Read about START-PROF pipe stress analysis software

Tall pipe risers are used in skyscrapers, mines, etc. There are two points that the piping stress engineer should consider:

- Fluid weight load distribution
- Pipe longitudinal stability

The most of widely used piping stress analysis software, including START-PROF, apply fluid weight as uniform load along the pipe. This approach is correct for horizontal piping and short vertical pipes. But it is incorrect for tall risers and may lead to incorrect support loads and incorrect stress distribution along the vertical pipe length.

The picture below (a) shows axial force F diagram caused by uniform load q at the vertical pipe that is supported at the bottom. If fluid weight is applied as uniform load q, the axial force diagram is incorrect. Software will show great axial stresses from sustained loads q*L/A, A – pipe crossection area. But in real world fluid pressure will act only on the bottom of the pipe and axial stresses along the pipe should be zero. The correct results can be obtained by applying of concentrated force at the bottom of the pipe instead of uniform load.
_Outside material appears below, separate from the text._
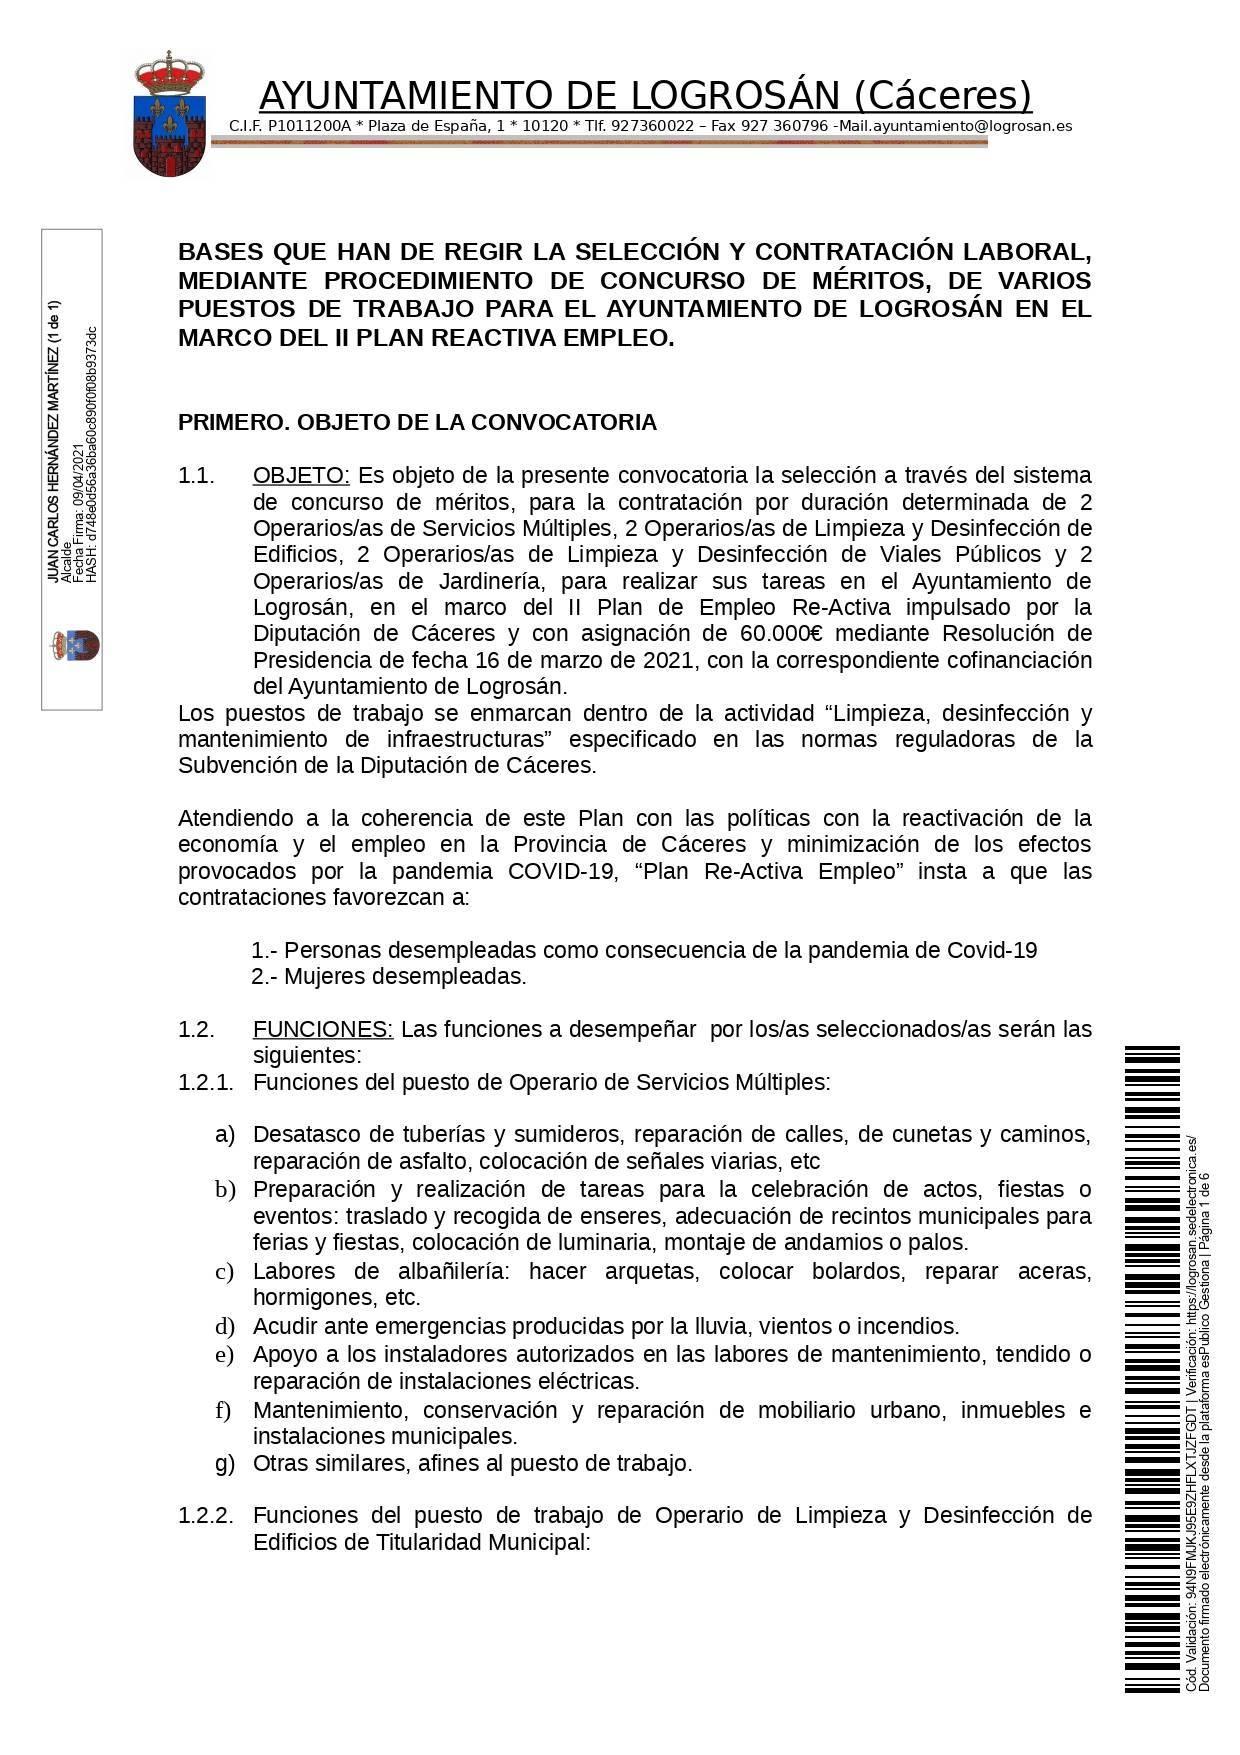 Bases para 8 puestos de trabajo (2021) - Logrosán (Cáceres) 1
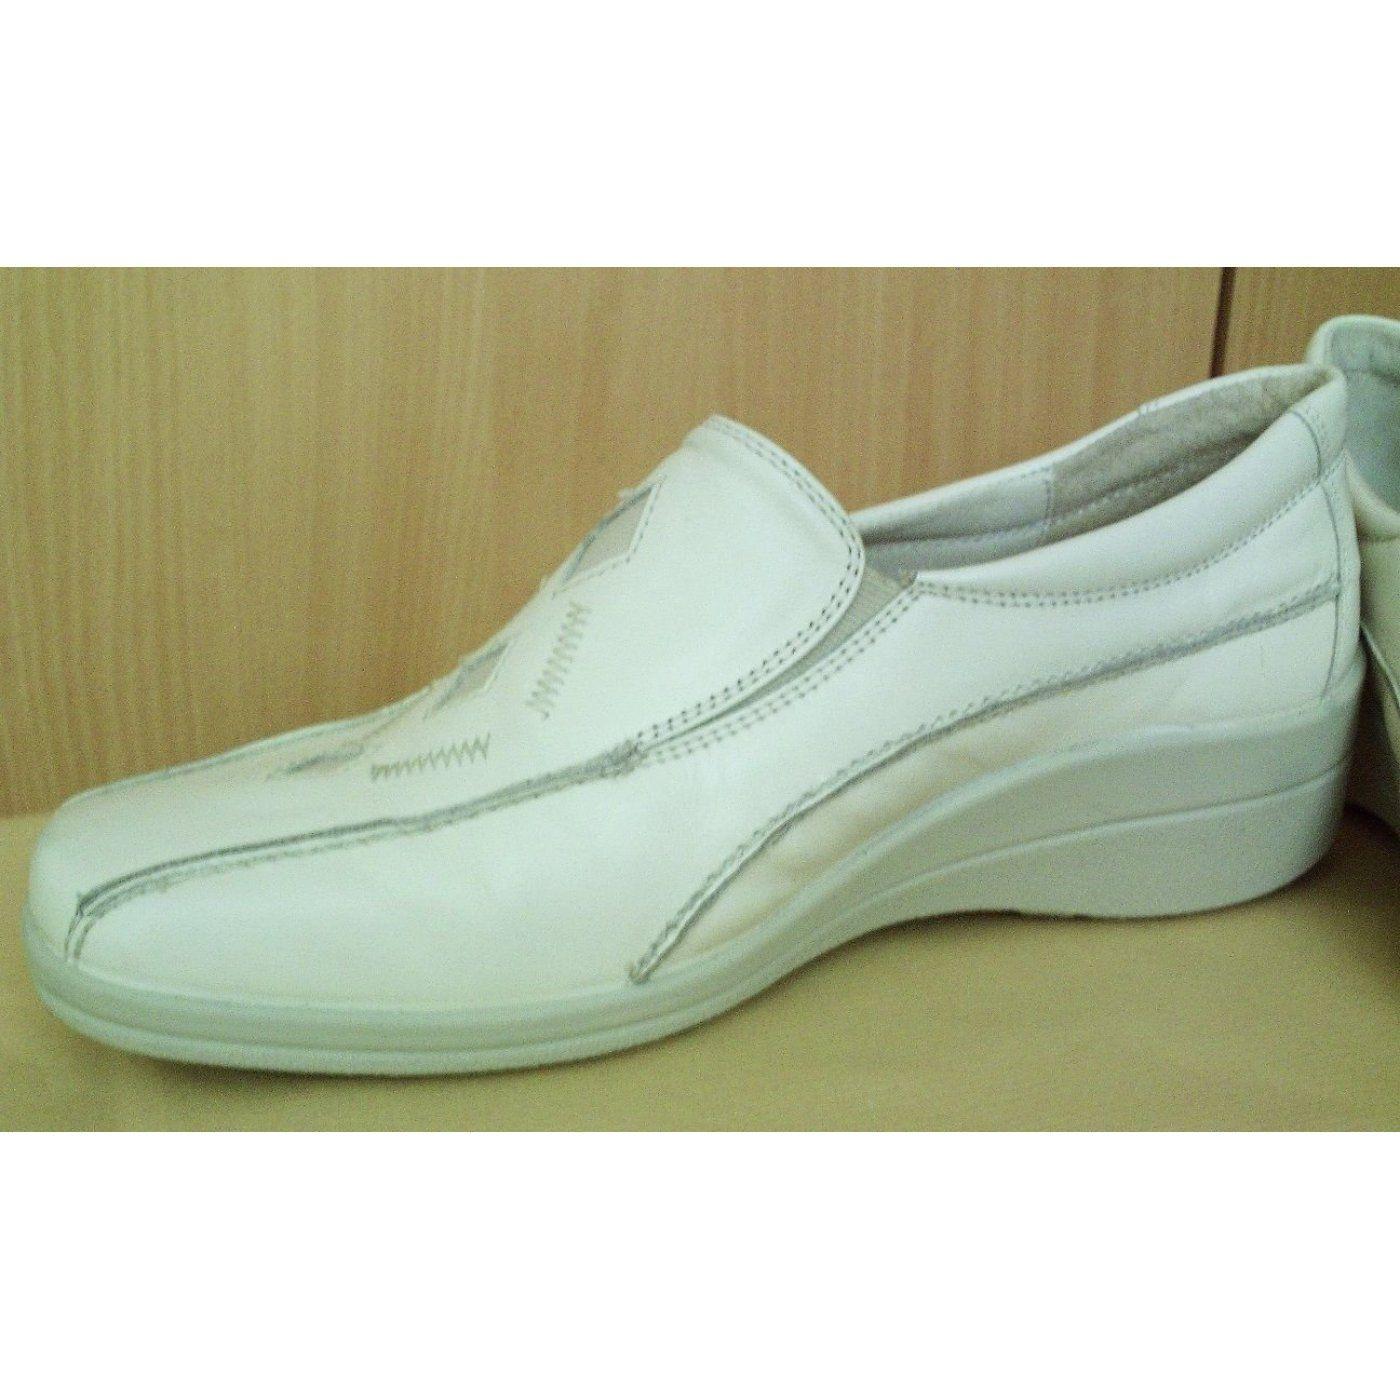 """Schöner Damenschuh, Marke """"NATURLÄUFER"""", Farbe Hellbeige oder Ecru, nur 2x getragen, da Schuhrand außen etwas zu hoch ist, sehr guter Zustand."""

Vertical Pipe Supported at the Bottom

In case of pipe supporting at the top, uniform load gives incorrect results too. Application of fluid weight as uniform load leads to underestimation of axial stresses at the lower part of the pipe.

Vertical Pipe Supported at the Top

In case of supporting riser by several springs, the application of fluid weight as uniform load will lead to uniform load distribution between supports. But in real world fluid weight will act in the bottom bend and lowest support will hold greatest weight load.

Vertical Pipe Supported by Several Springs

Now let’s see how to model vertical riser correctly in PASS/START-PROF piping stress analysis software:

- Fluid density should be zero

- Add concentrated force q*L in the lower bend

It is important to use the specify the correct pressure including hydrostatic fluid pressure value for tall raisers. You need to split the vertical pipeline into several parts and set the pressure for each part equal to P+γ·h, where P - internal pressure for the top pip, γ - fluid density, h - depth from the top point to the middle or the lowest point of the pipe segment.

The second problem concerns vertical risers that is supported at the bottom. Pipe is compressed by big pipe and insulation weight. Compression force may lead to pipe buckling as shown on the drawing (a) below.

To avoid buckling we should add additional V-stop supports (d) to decrease the compressive force or add guides (c) to prevent buckling.

The START-Elements has a special procedure allows to check buckling of vertical or horizontal pipe. For vertical pipe we should set sliding support friction factor to zero and enter the compressive load N value. Software will calculate the span between guides Lcr needed to prevent buckling.